Figma prototypes were created to test the necessity of all ideated features and to provide users with mobile-first layouts, aligning with their habit of songwriting on phones. To evaluate different display options for Roman Urdu and Urdu lyrics, participants were given two distinct prototypes: one where both lyric types coexisted on the same page, and another where users could toggle between the two.
Usability testing was conducted with both musicians and music enthusiasts, as they are the most likely users to transcribe song lyrics. Remote testing was necessary for participants located in Pakistan, given the researcher's location in the US. Designs were updated in iterations.
Key Observations & User Feedback:
A final version of the website was created after incorporating user feedback. The Home page now also provides clear guidance for installing Urdu and transliteration keyboards, tailored to the user’s specific platform.

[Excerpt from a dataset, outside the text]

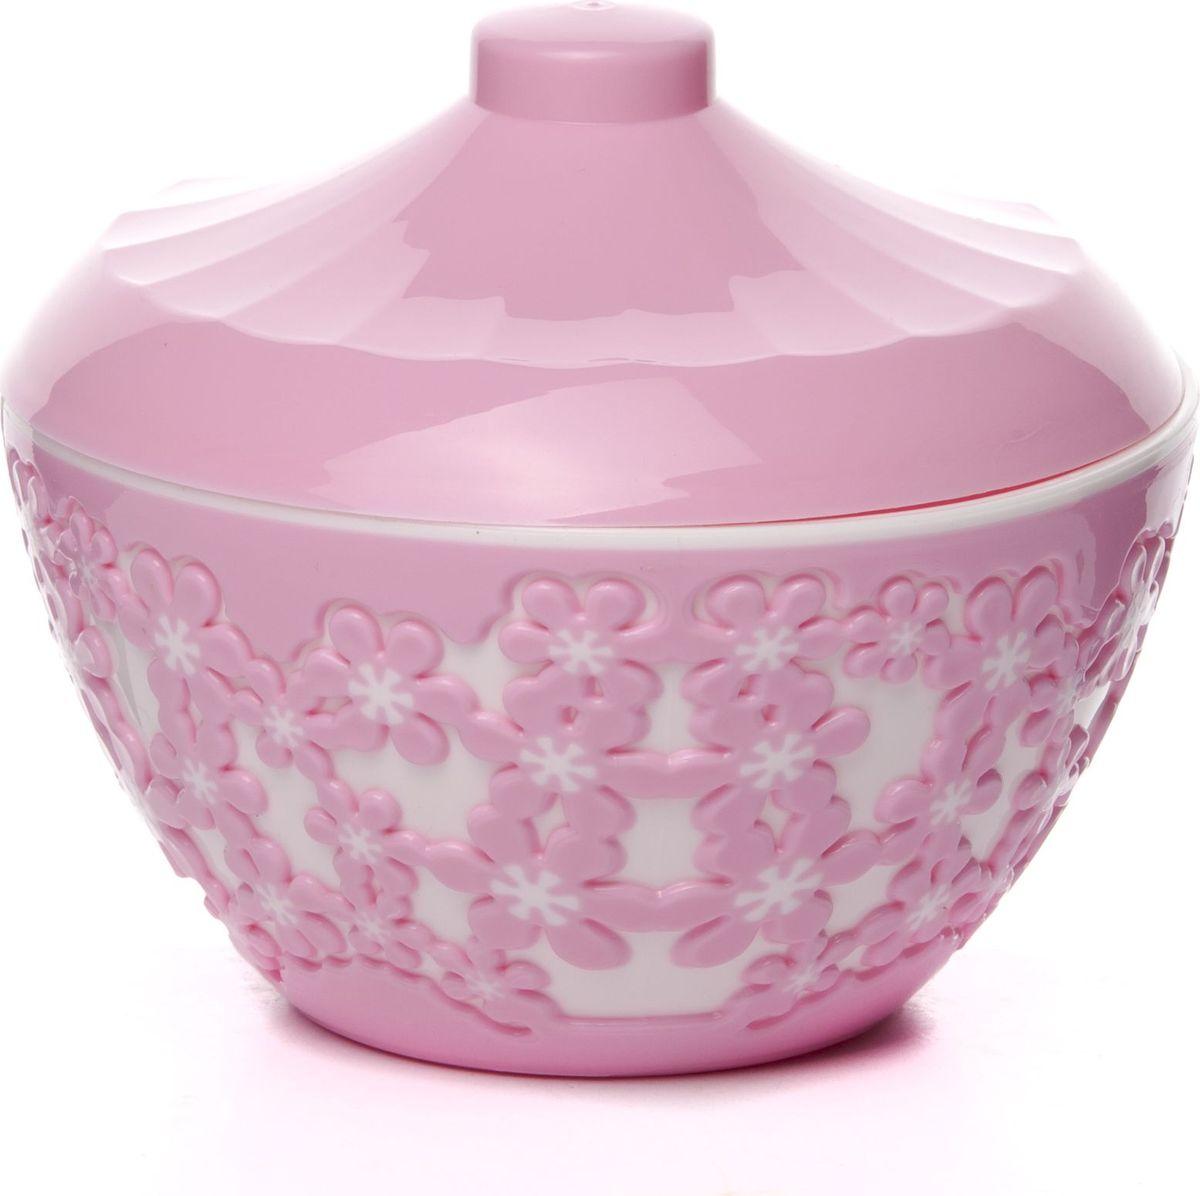 Сахарница с крышкой Альтернатива Дольче Вита, цвет: белый, розовый, 500 мл сахарница pasabahce perla 500 мл

Key Feature Updates and Design Improvements
This part of the study aims to establish Urdu song captioning guidelines through testing multilingual, multi-script captions with both Pakistani and Indian audiences. Indians were considered as they form a large part of the Pakistani music fan base as Urdu and Hindi have a large phonetic overlap. But Urdu and Hindi scripts are completely different. As a result Roman Urdu/Hindi becomes a common ground.
Given that musicians indicated short-form content as a primary driver for music discovery, it was crucial to design for this experience, especially considering the limited digital space on mobile screens.
A mixed-methods study was conducted with Pakistanis and Indians music enthusiasts to do a visual design evaluation. This study also tested assumptions that musicians had provided in the primary research.
Visual and Emotional Impact of Urdu Script
Benefits of Dual-Script Display
Optimizing Script Presentation
Factors Influencing Script Preference
The study faced challenges in recruiting Urdu-medium artists and audience members, primarily because the researcher was located in the US during the study period. As a result, the findings are biased towards English-medium participants and may not fully represent the general population.
Due to time constraints, the number of participants for testing was limited. However, there are plans to expand participant recruitment after the product launch. Future development also includes extending the transcription tool to support other regional languages, such as Punjabi, Sindhi, and Pashto.
Finally, the multi-script captioning guidelines require more comprehensive development before they are disseminated. The goal is to share them through the Pakistani music magazine Hamnawa, which boasts a substantial readership of musicians.
Gaana Mangwao was possible because of the foundational work done by others before me and all of my prior experiences. It may seem obvious, but this project would have turned out very differently without the supervision of Dr. Rua Williams at Purdue; advice of Zeerak Ahmed, founder of Matnsaz and Hamnawa; Sheikh Ahmed's work at Musixmatch; Usama Bin Shafqat's experiments with LLMs; and all the musicians who were willing to give me their time despite a 10-hour time difference. As it turns out, AI can be used in a meaningful way. However, my biggest takeaway from this project is the importance of building a community.